In deals that are not all-cash, it’s common for buyers to ask for sellers to take shares in the NewCo created by the acquisition (or the NewCo you are joining upon acquisition). Many buyers ask for 20% of the deal value in a “share roll.” Take 20% of $20 million, and the $20 million is reduced by another $4 million. (Note: You are often not required to accept share rolls, so don’t assume it’s mandatory in your deal.) After the escrow and share roll are deducted from the $20 million purchase price (and we’re assuming there’s no earn-out or seller’s note in our example), there are other charges to settle at closing, and these are part of the waterfall.
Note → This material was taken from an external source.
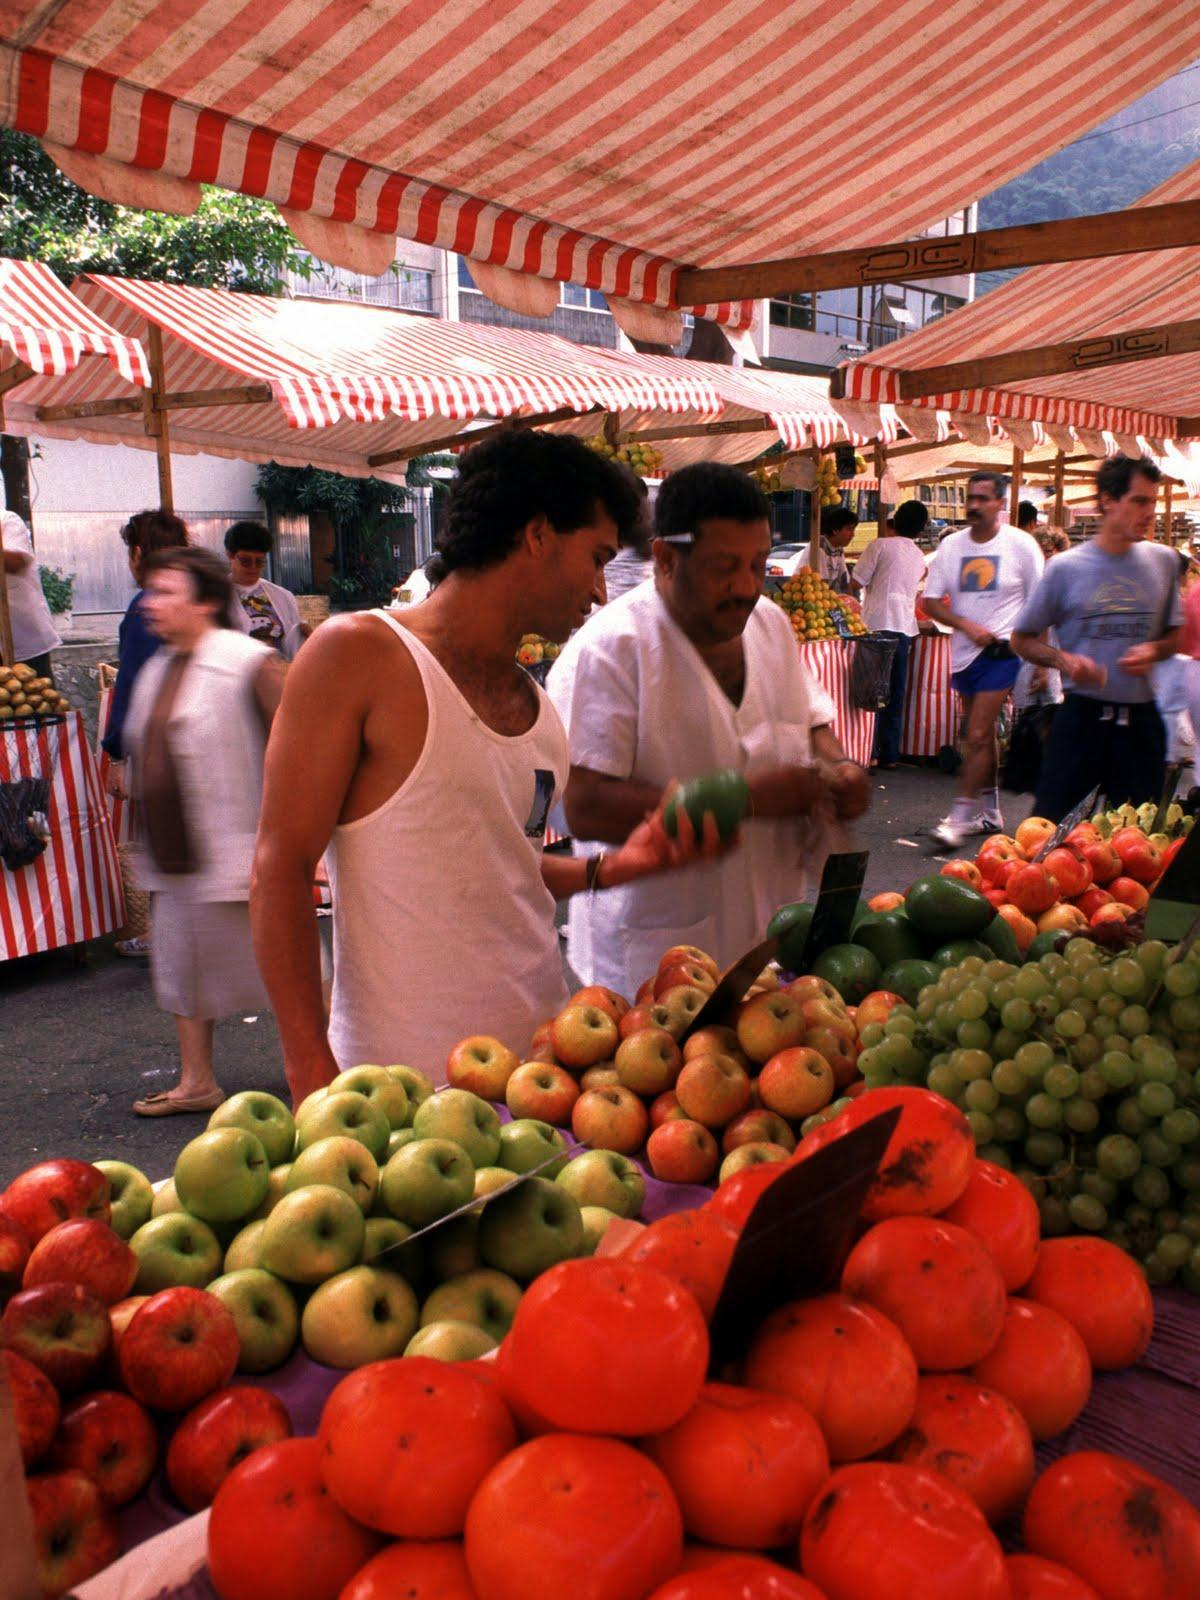 Shopping at a market in Rio

Specifically, the long-term debt needs to be paid off, as well as any debt to shareholders. Then, various service providers need to get paid at the closing too. These include the fees paid for any CPA services associated with the sale (assume $5k) and the fees paid to any real estate attorneys that work on the real estate leases (assume $5k). There will also be fees owed to the transaction attorney you retained (assume $25k) to work through the documentation of your deal (e.g. review of the LOI, the purchase agreement, the disclosure schedules, etc.). Finally, there is the fee paid to your investment banker (5% of the deal value is typical) whose tireless efforts prepared your company for sale, found the buyer, and helped sustain the appropriate momentum to get the deal over the line…and closed.

In a deal involving the fees cited above, the waterfall would look like the one below.

Ask your investment banker to generate the waterfall scenario. With it, you’ll have a clear understanding of how deal proceeds are distributed and to whom; all funds are paid by wire. Then, after you see the allocation of funds, you’ll have more time to focus on the taxes!